Assume we have end 1 and end 2 files as $SAMPLE_FASTQ_1
and $SAMPLE_FASTQ_2
environment variables pointing to paired fastq files for sample $SAMPLE_ID
.
mkdir -p $TUTORIAL_HOME/analysis/star/$SAMPLE_ID/
STAR --runThreadN 4 \
--outSAMtype BAM SortedByCoordinate \
--outSAMstrandField intronMotif \
--outFilterIntronMotifs RemoveNoncanonicalUnannotated \
--outReadsUnmapped None \
--chimSegmentMin 15 \
--chimJunctionOverhangMin 15 \
--chimOutType WithinBAM \
--alignMatesGapMax 200000 \
--alignIntronMax 200000 \
--genomeDir $STAR_GENOME_INDEX \
--readFilesIn $SAMPLE_FASTQ_1 $SAMPLE_FASTQ_2 \
--outFileNamePrefix $TUTORIAL_HOME/analysis/star/$SAMPLE_ID/
Note: In order to obtain alignments of chimeric reads potentially supporting fusions, we have added the
--chimSegmentMin 20
option to obtain chimerica reads anchored by at least 20nt on either side of the fusion boundary, and--chimOutTypeWithinBAM
to report such alignments in the sam/bam output.

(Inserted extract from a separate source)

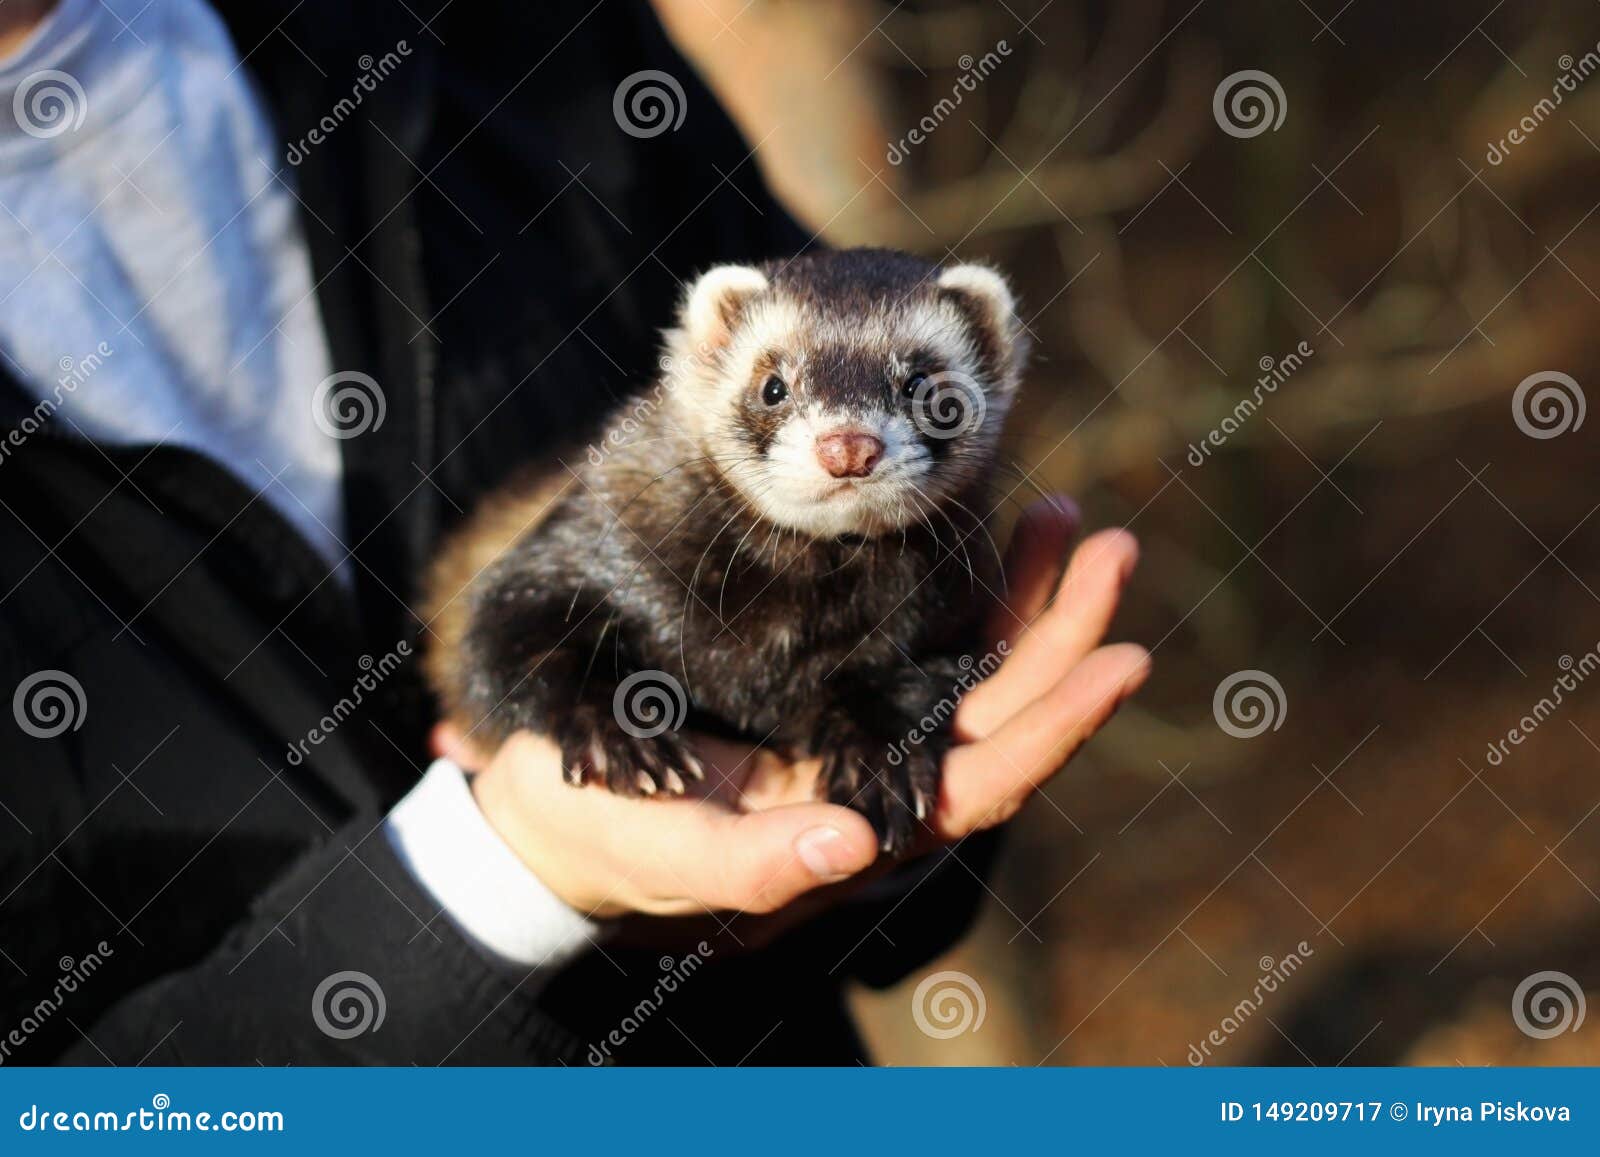 Black And White Ferret In The Hands Of A Woman Stock Image Image Of Blackfooted Sable 149209717

Note: We are running with additional command line options for fusion discovery as described in the manual for STAR-Fusion.
The file $TUTORIAL_HOME/analysis/star/$SAMPLE_ID/Aligned.sortedByCoord.out.bam
should contain
the resulting alignments in bam format, sorted by position.
Index the bam file using samtools index
.
samtools index $TUTORIAL_HOME/analysis/star/$SAMPLE_ID/Aligned.sortedByCoord.out.bam
Generate a precalculated coverage file for use with IGV. This will allow viewing of read depth across the genome at all scales, and will speed up IGV viewing of the bam file.
igvtools count $TUTORIAL_HOME/analysis/star/$SAMPLE_ID/Aligned.sortedByCoord.out.bam \
$TUTORIAL_HOME/analysis/star/$SAMPLE_ID/Aligned.sortedByCoord.out.bam.tdf hg19
You can view the bam file in IGV at:
http://cbw#.dyndns.info/Module7/analysis/star/HCC1395/Aligned.sortedByCoord.out.bam
where you need to replace # with your student ID.
Run STAR fusion caller
The STAR fusion caller parses the chimeric alignments produced by the STAR aligner and predicts fusions from these alignments.
STAR-Fusion \
--chimeric_junction $TUTORIAL_HOME/analysis/star/$SAMPLE_ID/Chimeric.out.junction \
--genome_lib_dir $STAR_FUSION_GENOME_INDEX \
--output_dir $TUTORIAL_HOME/analysis/star/$SAMPLE_ID/starfusion
The fusion reads are output to the sam file Chimeric.out.sam
. To view these in IGV, first import into bam format, sort, and then index.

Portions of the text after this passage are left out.